Print only the lines running from the line with "Kai Greene - This" to the final line below, both included, exactly as written and without the pictures.

═════ Data shown

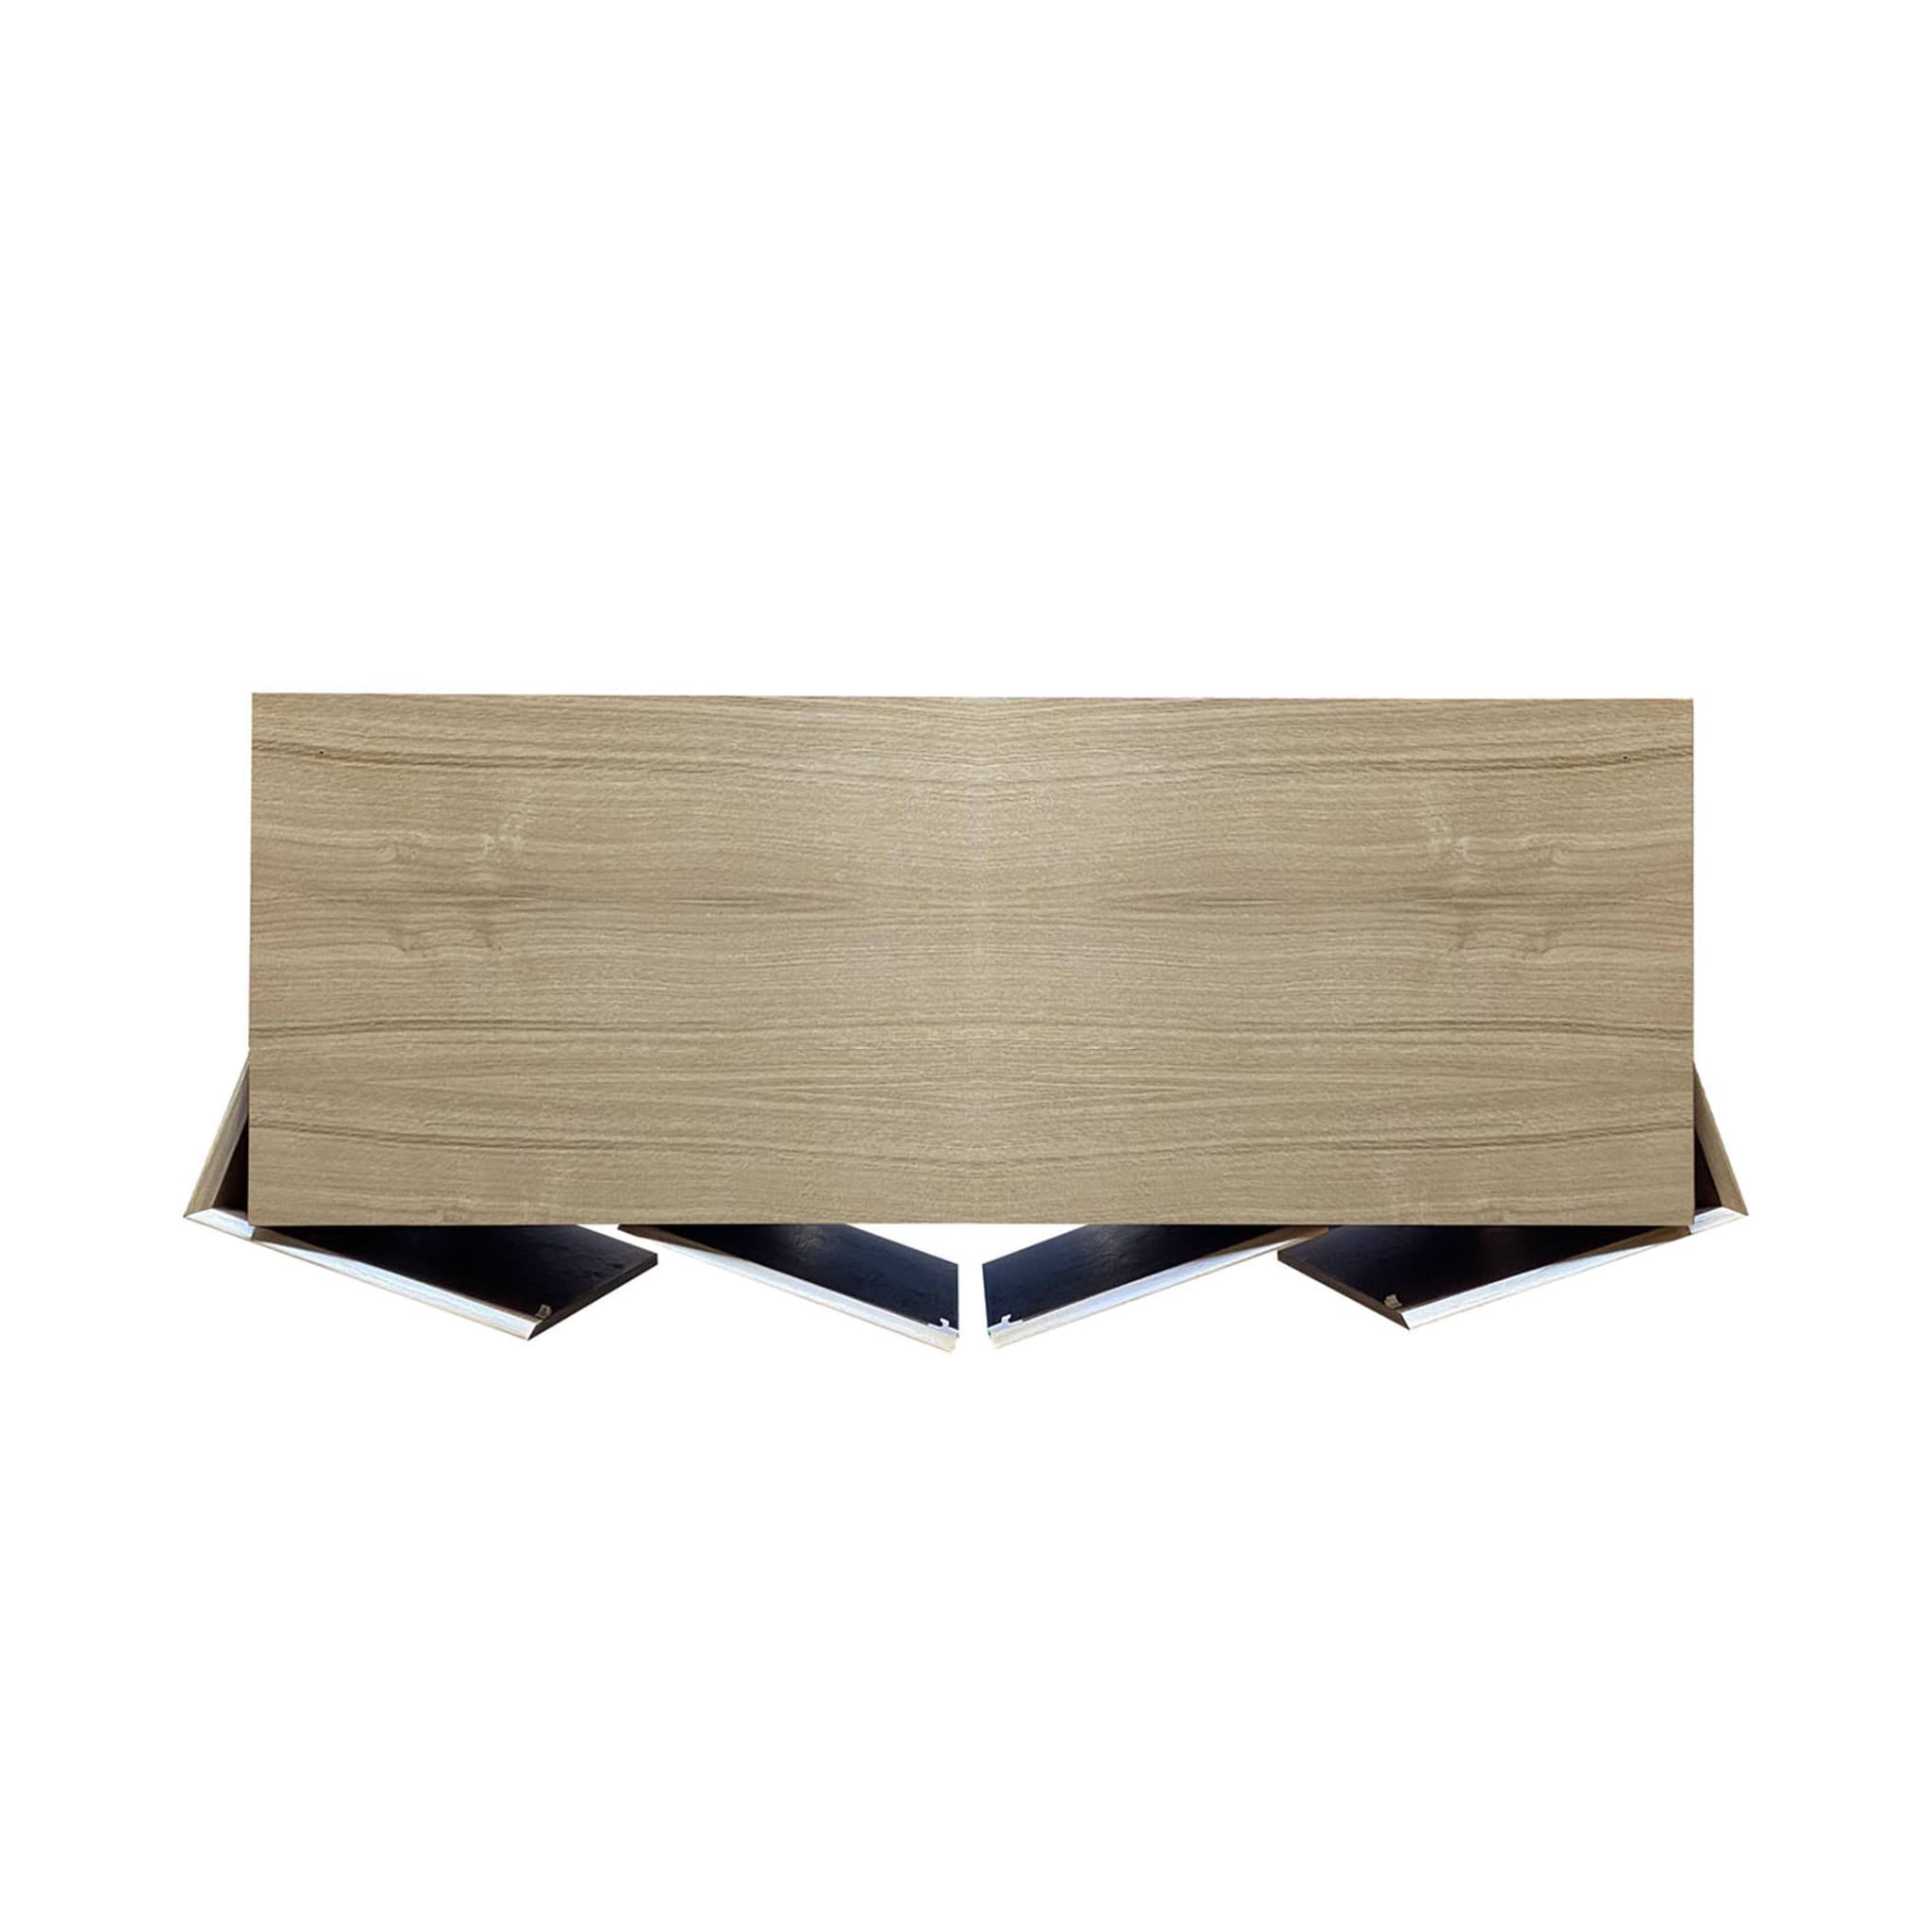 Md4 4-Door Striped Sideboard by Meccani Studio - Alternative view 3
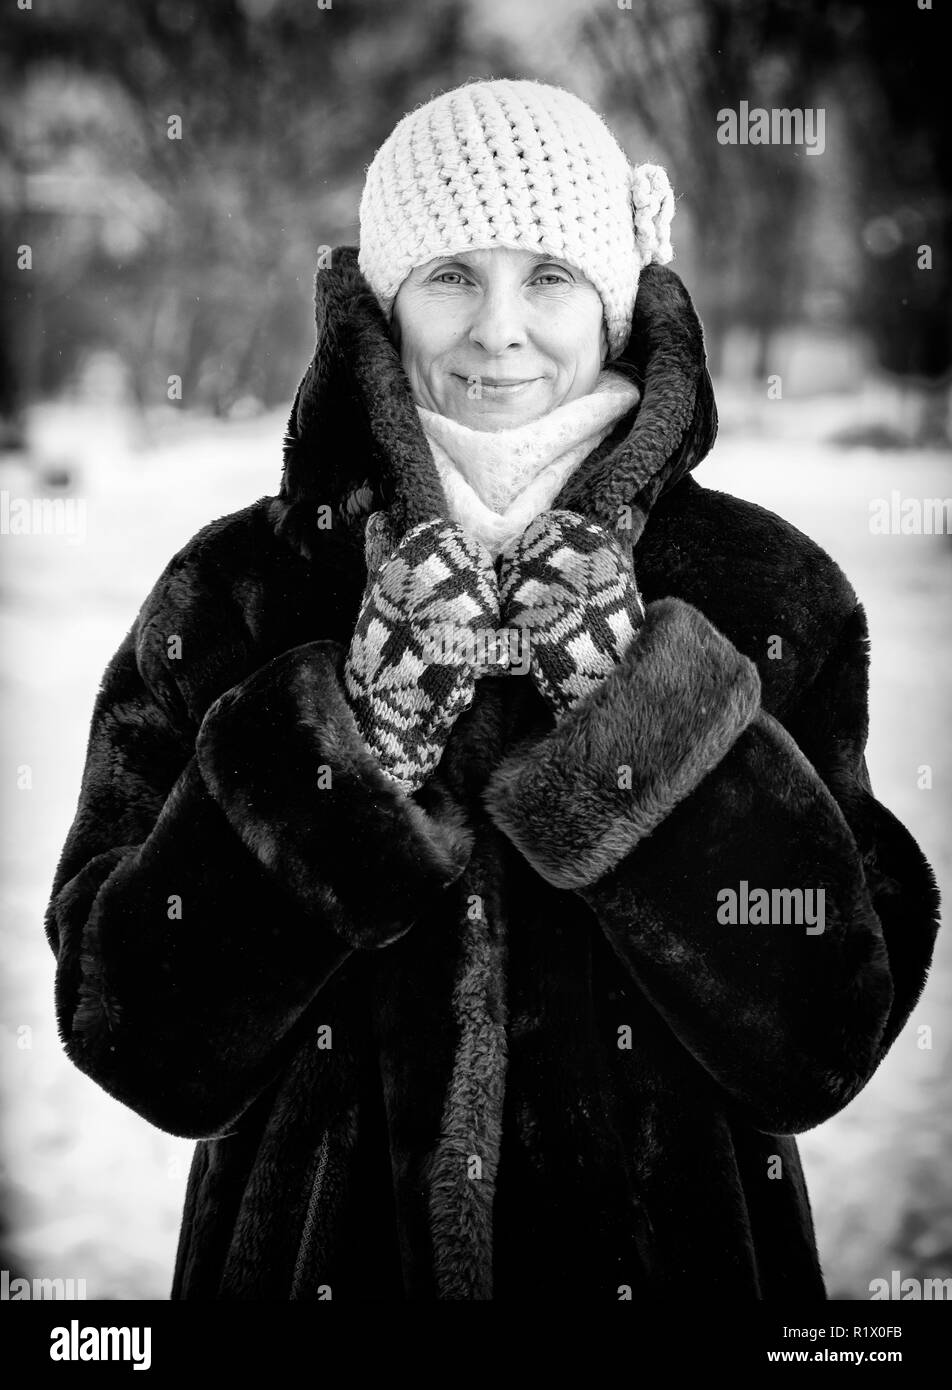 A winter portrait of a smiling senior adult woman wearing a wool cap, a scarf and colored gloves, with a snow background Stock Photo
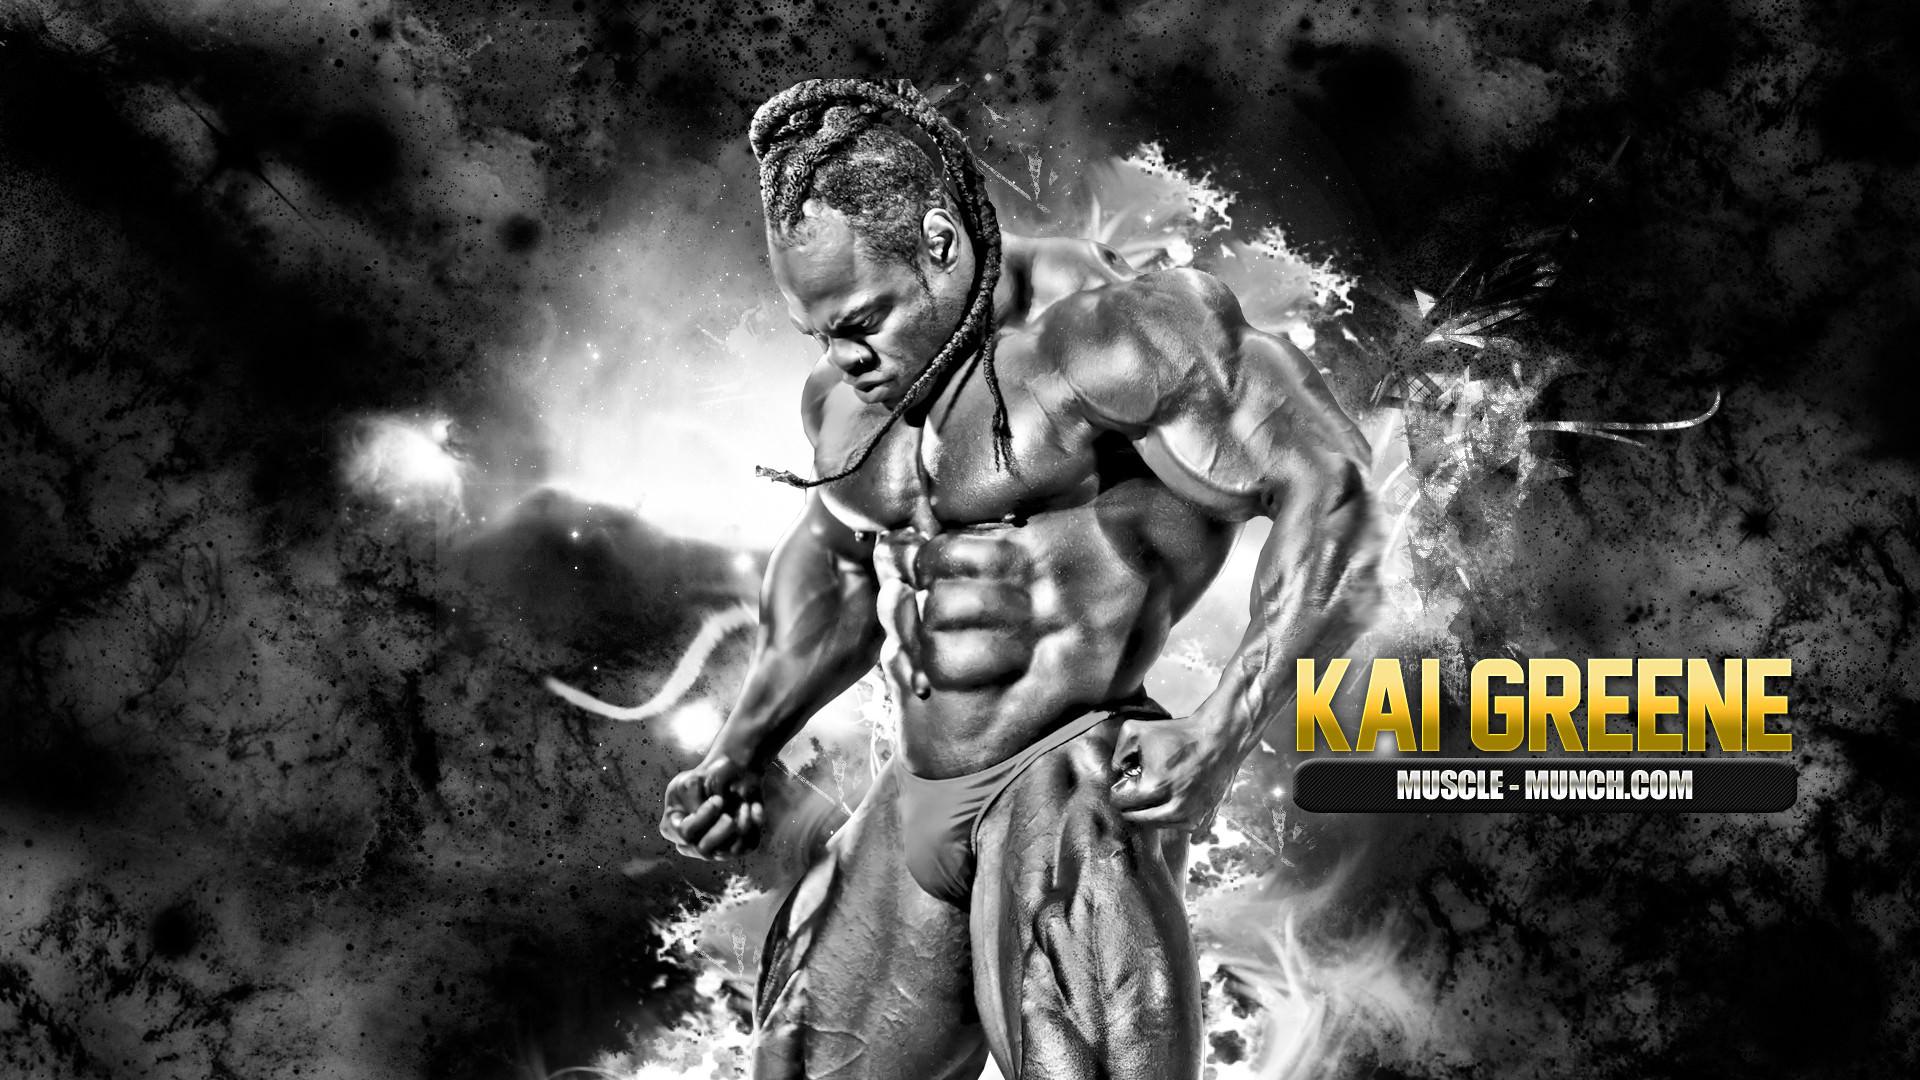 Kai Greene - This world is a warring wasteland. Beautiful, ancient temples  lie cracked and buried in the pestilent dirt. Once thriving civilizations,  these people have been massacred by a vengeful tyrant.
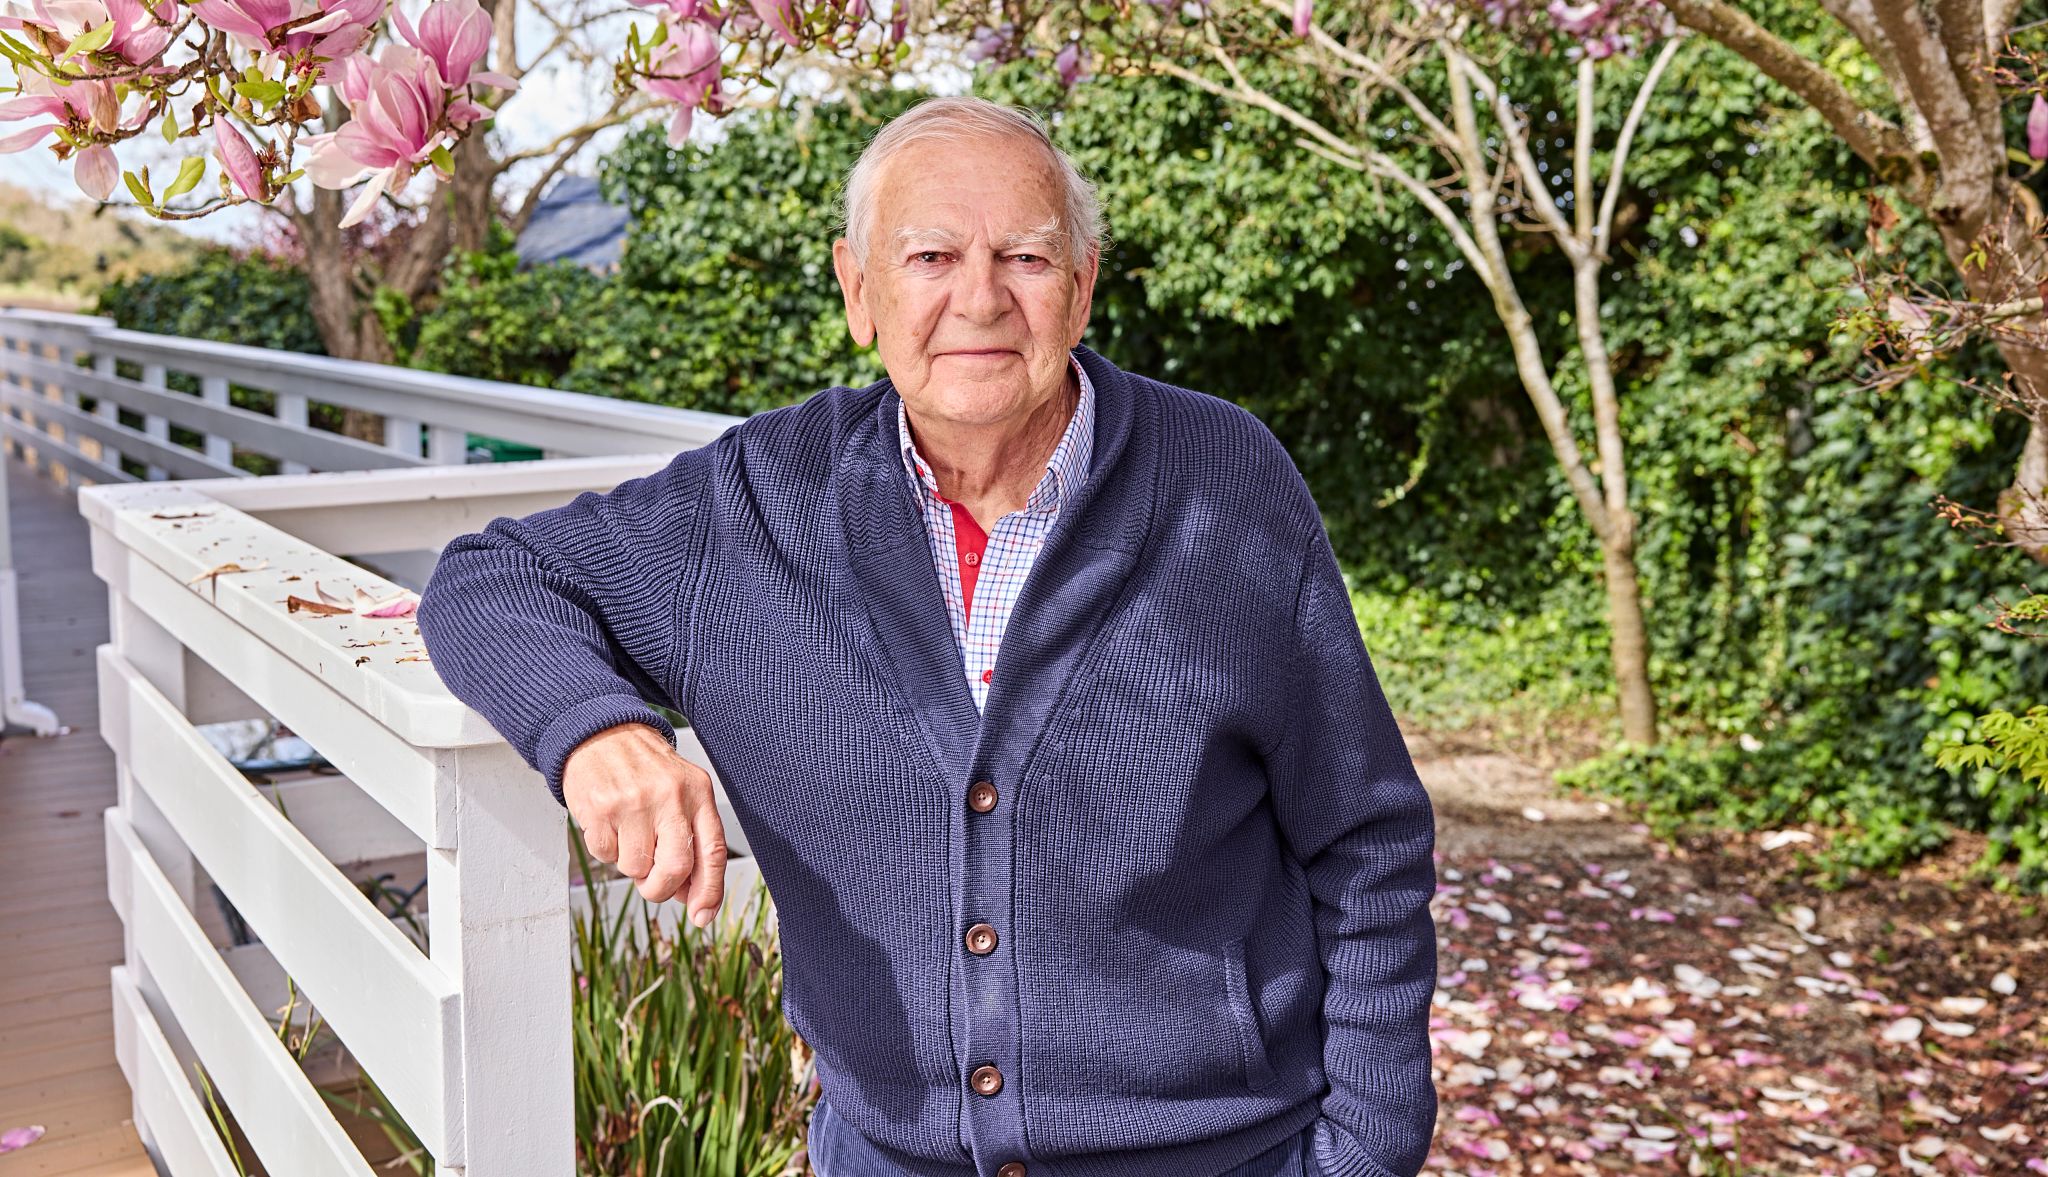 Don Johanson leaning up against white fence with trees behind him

══════════

_Solution_.
 Kai Greene - This world is a warring wasteland. Beautiful, ancient temples  lie cracked and buried in the pestilent dirt. Once thriving civilizations,  these people have been massacred by a vengeful tyrant.
 Don Johanson leaning up against white fence with trees behind him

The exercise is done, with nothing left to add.